In September 2022, due to the Russian army's widespread logistical problems in the invasion of Ukraine, he was dismissed and replaced by colonel general Mikhail Mizintsev.

==Biography==

Dmitry Bulgakov was born on 20 October 1954.

Bulgakov joined the army in 1972 and studied the Volsk Higher Military School of Logistics named after the Lenin Red Banner Komsomol between 1972 and 1976. He graduated from the Military Academy of Logistics and Transport between 1982 and 1984. In 1992, he became a Major General. Bulgakov also studied from the Military Academy of the General Staff of the Armed Forces of Russia between 1994 and 1996. In 1996, he was promoted to lieutenant general.

Between 1996 and 1997, he served as chief of a food warehouse, chief of a storage department, a deputy commander of a separate communications regiment for logistics, deputy brigade commander for logistics, deputy commander of a motorized rifle division for logistics, deputy chief of logistics of the Trans-Baikal Military District, and chief of the logistics staff of the Moscow Military District.

From 1997 to 2008, he was the chief of staff of Logistics of the Armed Forces of Russia. Bulgakov became a colonel general in 2008. From 2 December 2008 to 27 July 2010, Bulgakov became the Chief of Logistics of the Armed Forces, and the Deputy Minister of Defense. Since 27 July 2010, he was promoted as the Deputy Minister of Defense. Bulgakov supervises the Logistical Support of the Russian Armed Forces. On 23 February 2011, Bulgakov was given the military rank of Army General by the Decree of the President of Russia.

From 2015 to 2017, Bulgakov was in charge of issues related to the construction of a railway line bypassing Ukraine. Since the beginning of the Russian military operation in Syria in September 2015, he is in charge of the supply of Russian troops stationed in Syria.

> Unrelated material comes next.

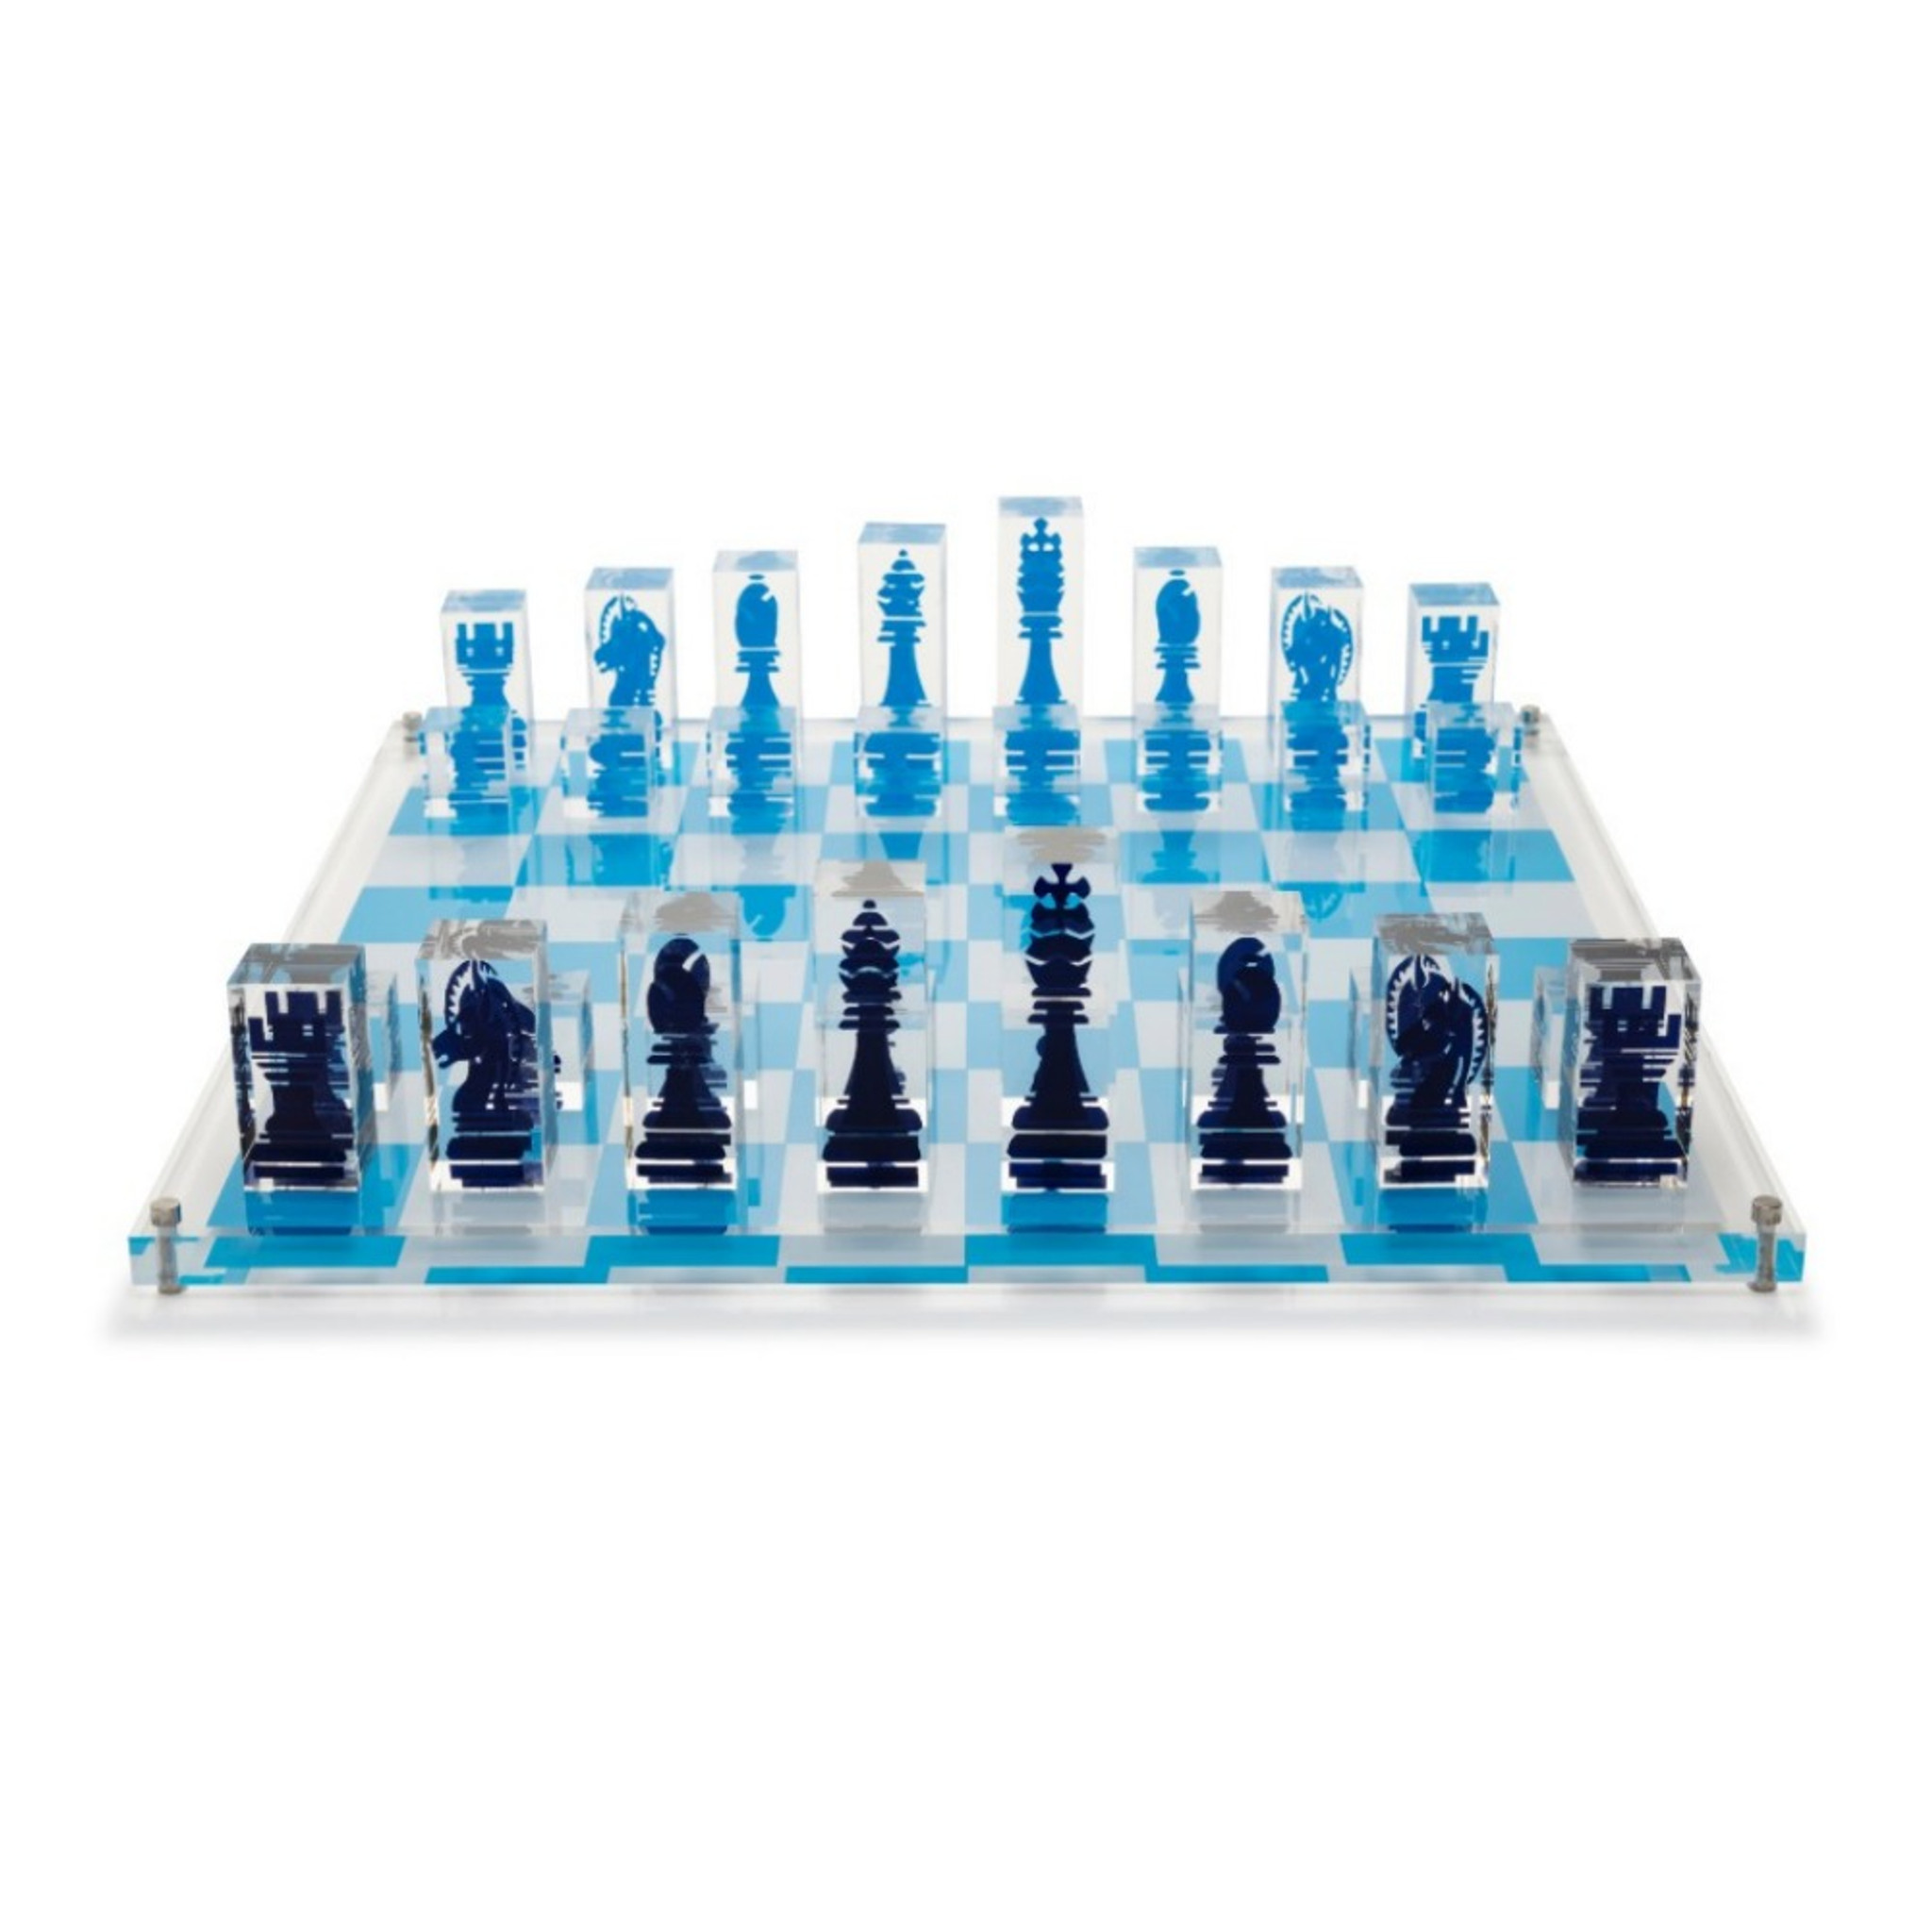 Acrylic Navy and Light Blue Chess Set

For courage and heroism shown in the performance of military duty, in May 2016, Bulgakov was awarded the title of Hero of the Russian Federation. In 2019, Bulgakov led the Operational Group of the Russian Ministry of Defense for extinguishing forest fires in the Krasnoyarsk Krai, Irkutsk Oblast, Buryatia, Zabaykalsky Krai, and Yakutia. On 7 October 2020, as part of the SPM crew, he personally entered the territory of a burning ammunition warehouse in the Ryazan Oblast.

On 24 September 2022, the Russian defence ministry announced Bulgakov's dismissal from the post of deputy defence minister in charge of logistics, a move widely seen as punishment for failures in the Russian invasion of Ukraine.

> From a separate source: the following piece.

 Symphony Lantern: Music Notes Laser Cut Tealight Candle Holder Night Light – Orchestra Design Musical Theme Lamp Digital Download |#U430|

On 26 July 2024 Bulgakov was arrested on charges of corruption by the FSB and sent to Lefortovo prison in Moscow.

=== Sanctions ===
In September 2015, Bulgakov was included in the sanctions list during the military involvement of Ukraine.

He was sanctioned by the UK government in 2022 in relation to the Russo-Ukrainian War.

==Awards==

- Hero of the Russian Federation (2016)
- Doctor of Economic Sciences

==Education==

He is a member of the Academy of Military Science of Russia, the Corresponding Member of the Academy of Humanities, and a professor of the Academy of Security, Defense and Law Enforcement Problems.